■ Directions for this task
Print the lines below from the line with "Tri Fold Restaurant Foods Menu" to the line with "The Maze Runner Hero" exactly, keeping both ends, and print no pictures.

■ Material supplied
* * *
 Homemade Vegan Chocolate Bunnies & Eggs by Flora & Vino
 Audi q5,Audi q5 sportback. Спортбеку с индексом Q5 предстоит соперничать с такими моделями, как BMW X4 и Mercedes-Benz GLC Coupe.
* * *
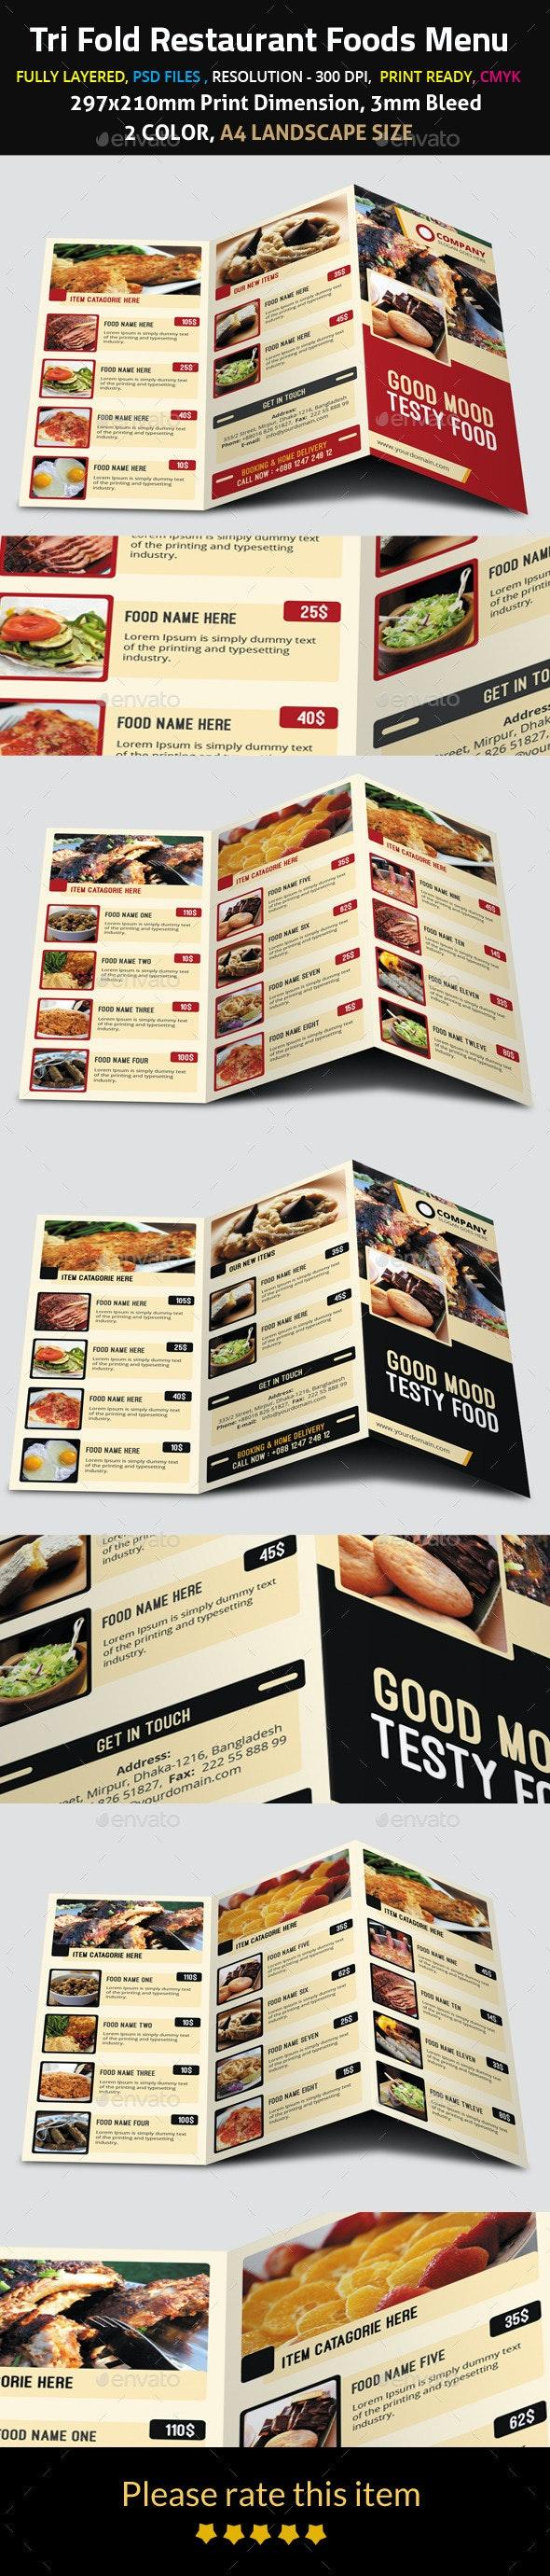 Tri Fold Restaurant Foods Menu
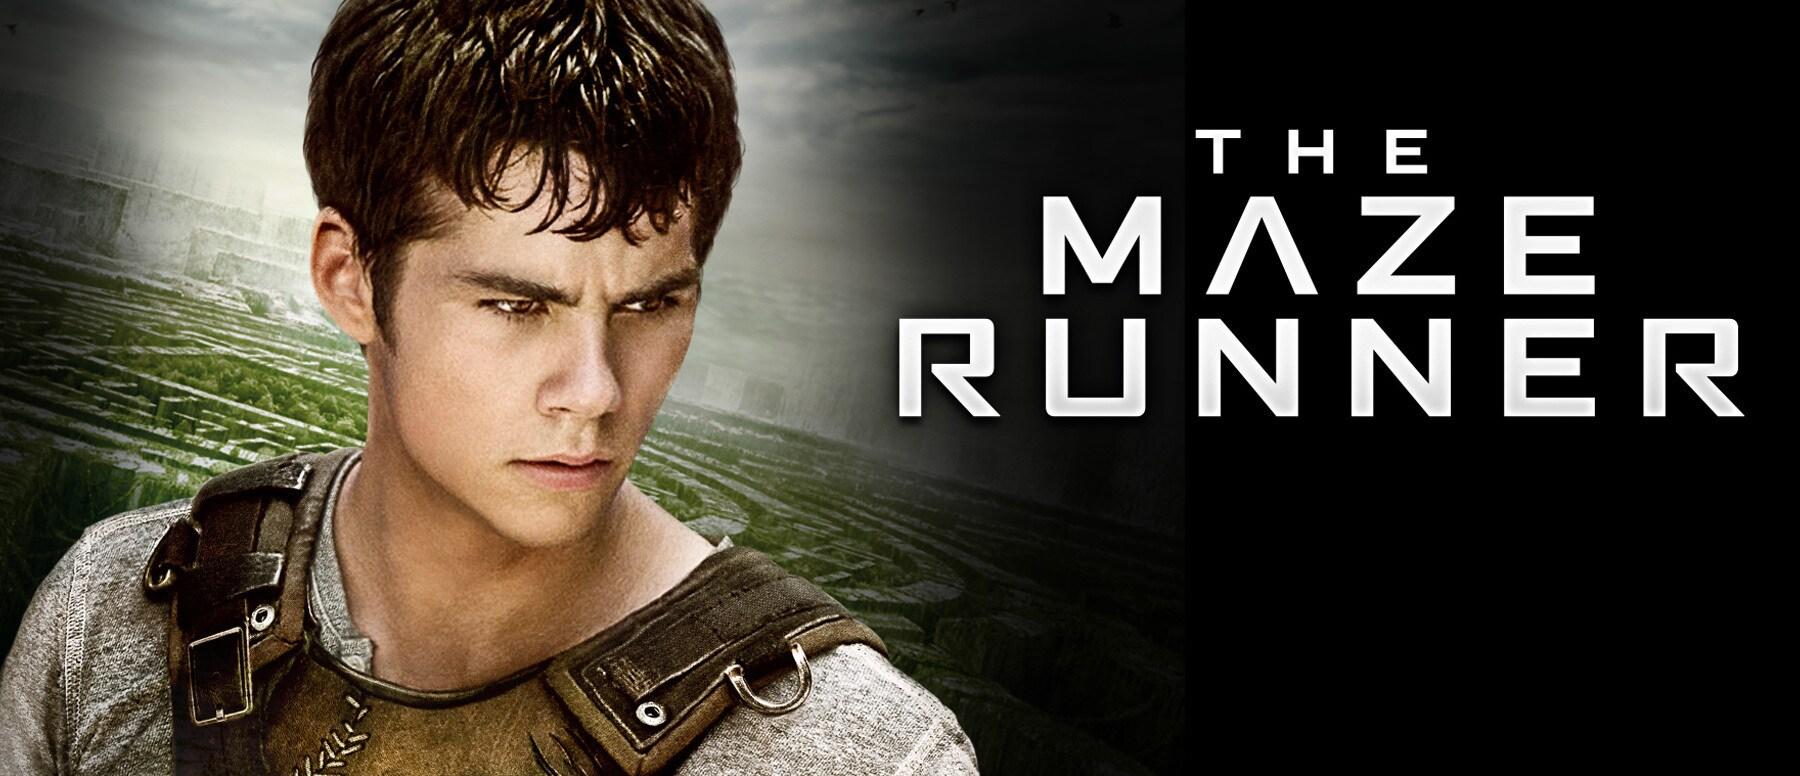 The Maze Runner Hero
* * *
■ Result
 Tri Fold Restaurant Foods Menu
 The Maze Runner Hero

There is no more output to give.